Even considering suppressing dissent to achieve unity is simply ludicrous, which is why it is absolutely bat shit insanity for the DCCC to blacklist any entity that donates to primary challengers. To mix metaphors, it is tin-eared and ham-handed. Jen Sorensen had done a great comic on how utterly dumb this is. The DCCC's move makes the Democratic Party look profoundly undemocratic.  

It’s bad enough that they are overtly opposed to primary challengers: It is worse that they are taking concrete action to discourage them – particularly when it comes on the heels of sabotaging progressive candidates in the 2018 midterms. Indeed, they have a history of this.

After being called-out on such shenanigans, you would think centrists would behave themselves – at least until the outrage blows over. But they cannot cleanup their act even temporarily. Yes, people are creatures of habit and this applies to institutions as much as individuals. But the Democratic Party establishment isn’t even pretending to be on their best behavior. Indeed, they seem to be striving to confirm everyone’s worst suspicions. The only thing missing is mustache twirling and an evil laugh.

And you know what? That behavior is demoralizing. But you knew I was going to say that.

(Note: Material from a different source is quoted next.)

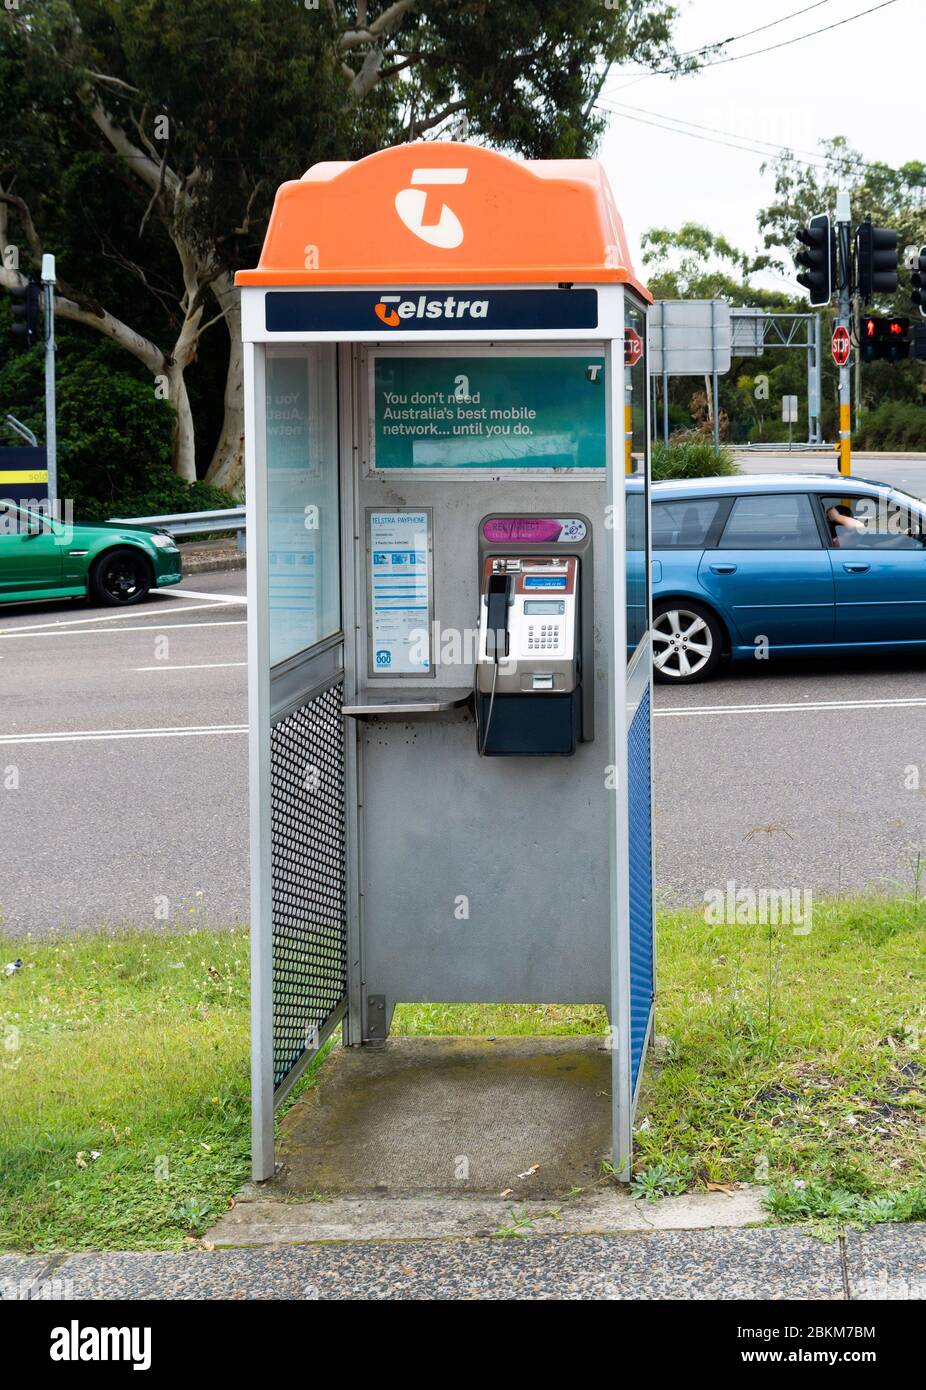 Una caja telefónica Telstra en Nueva Gales del Sur Foto de stock

Third, early vetting renders silly, trivial criticisms and micro-sandals stale by election day. This is highly related to the previous reason, but nevertheless separate. Communication is both sending and receiving: Fact-checking takes time, but the electorate needs time to digest corrective information as well. Perspective needs time to sink-in. Non-controversies are strongest when they are fresh and unfamiliar. They then fade when weighed against real issues and the big picture. Last minute fact-checking isn’t as effective as last minute slander. As the saying goes, “A lie can travel halfway around the world while the truth is still putting on its shoes.” Therefore, the truth needs to get out of bed sooner.

Getting this out of the way early is obviously the smart way to manage any imperfect blemishes. Postponing airing problem areas is obviously irresponsible. We should be proactive rather than reactive and a perpetual defensive crouch is not a good look. Especially not this early.

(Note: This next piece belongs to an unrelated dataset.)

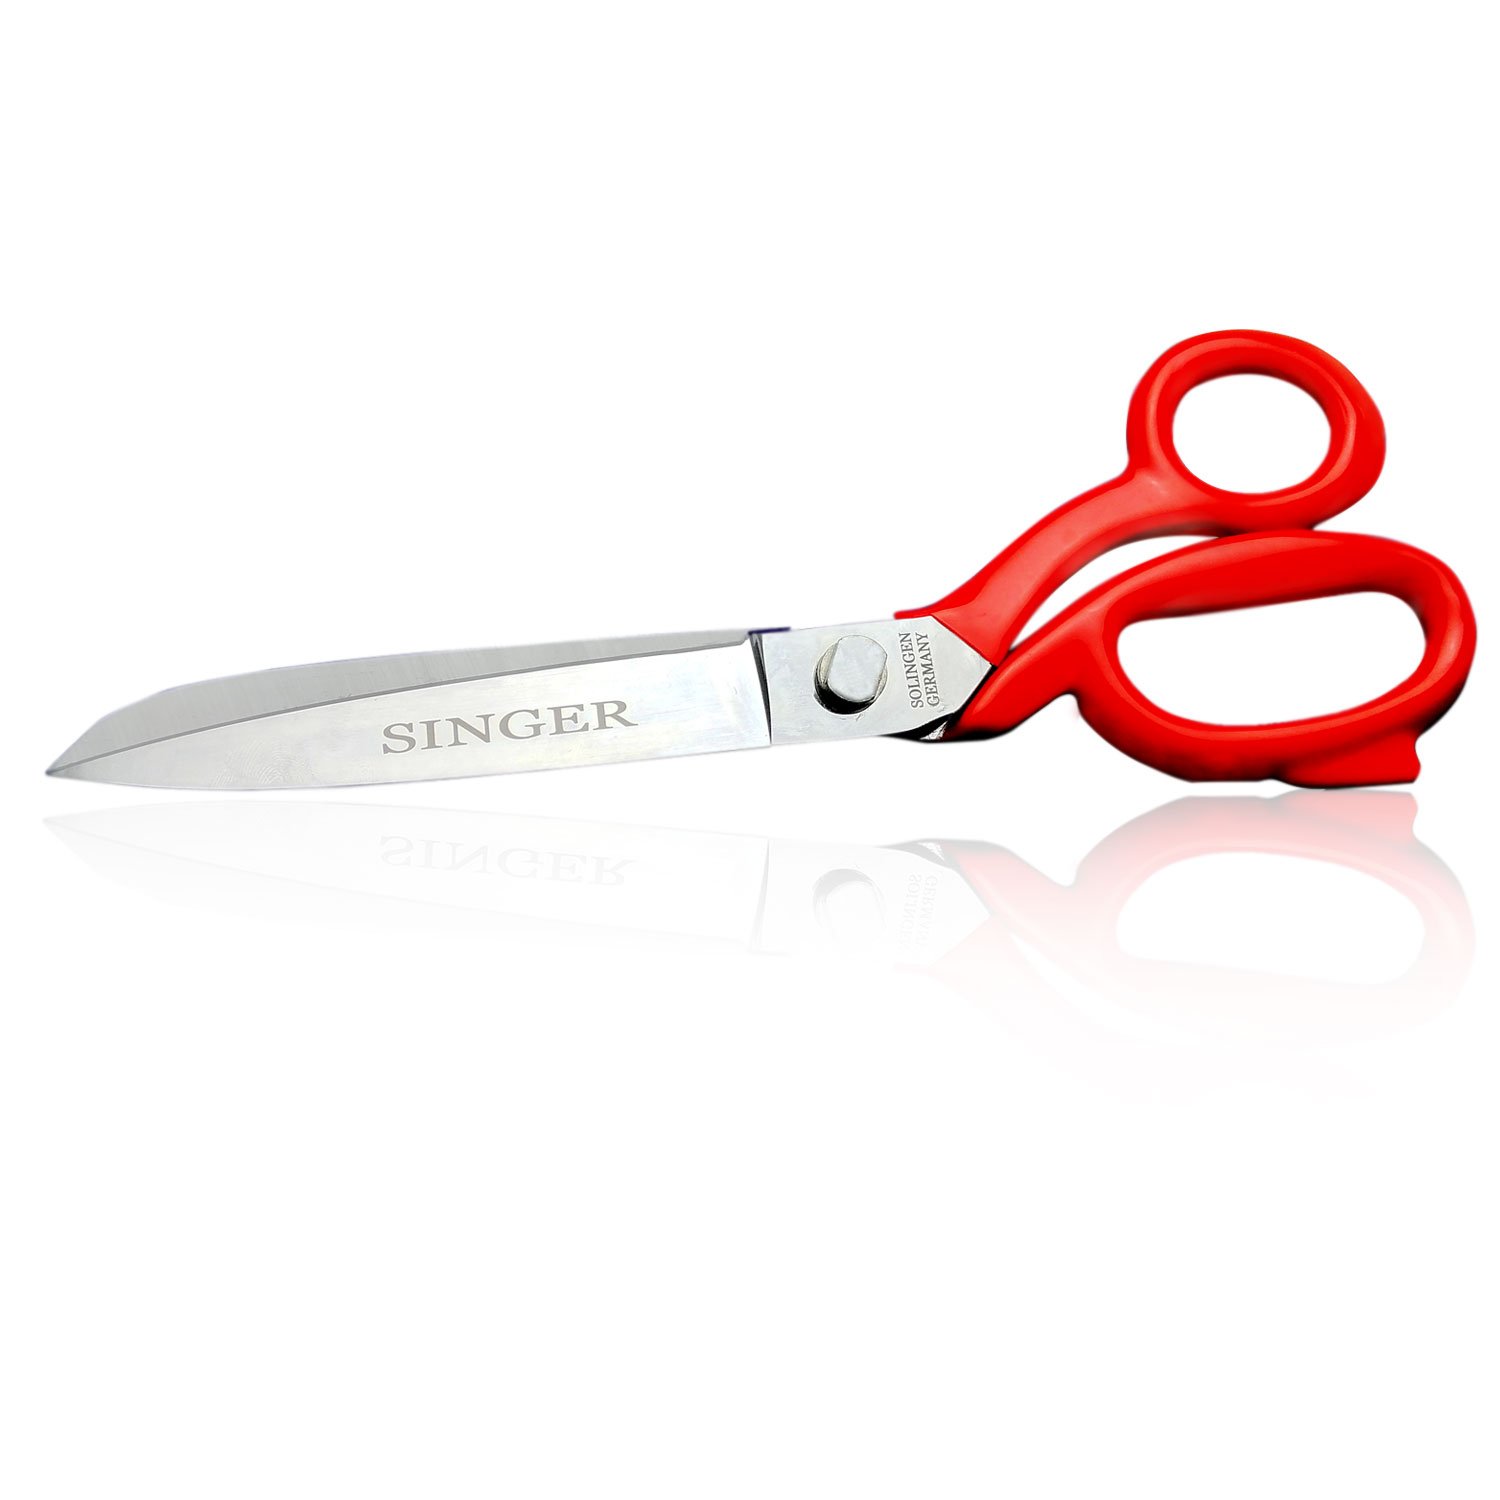 singer scissors

Suppressing information is a form of procrastination because eventually everything gets out – often shortly before Election Day. And hoping to postpone it past Election Day is not only dishonest, but strategically stupid. After all, how legislatively effective is a president going to be if he or she gets elected but enters office under a cloud of public distrust and resentment? Of course, centrists are not intent on passing any sort of progressive agenda, so I suppose that scenario is actually ideal for them.

The takeaway across all these reasons is that surprises are bad - hence why early vetting is vital and the sooner the better. But there is also a fourth important reason which I have already alluded to a few times: 

Democracy is good.

Criticism is the engine of politics and participatory democracy. Without it, nothing gets fixed. Almost nothing happens without immense public pressure. Yet centrists are temperamentally allergic to any criticism and agitation - both inside the party and out. Remember their bipartisanship fetish and their aversion to protesters making their conservative colleagues uncomfortable in restaurants. And both Joe Biden and Beto O’Rourke boosted Republicans during the midterms, thereby undermining the Blue Wave.

Yes, primary-ing incumbents is a direct threat to the chummy establishment power, but they would still disapprove even if it weren't. Whether they are corrupt or not, they just don’t get democracy.

In my book, I write a lot about how conservatives are anti-democratic. Well, so are covert conservatives. Primaries are democratic safeguards. They are performance reviews by the party's rank and file just as general elections are ones by the general public. So, of course well-heeled Hamilton fans are going to oppose primary-ing establishment Democratic incumbents - especially when part and parcel of that process is unflattering intra-party criticism. It all ties together quite tightly.

Election Day is over a year and a half away. Air everything out now for maximum advantage. Revelations are inevitable: We cannot possibly prevent them.

But the longer we postpone them, the worse things will be.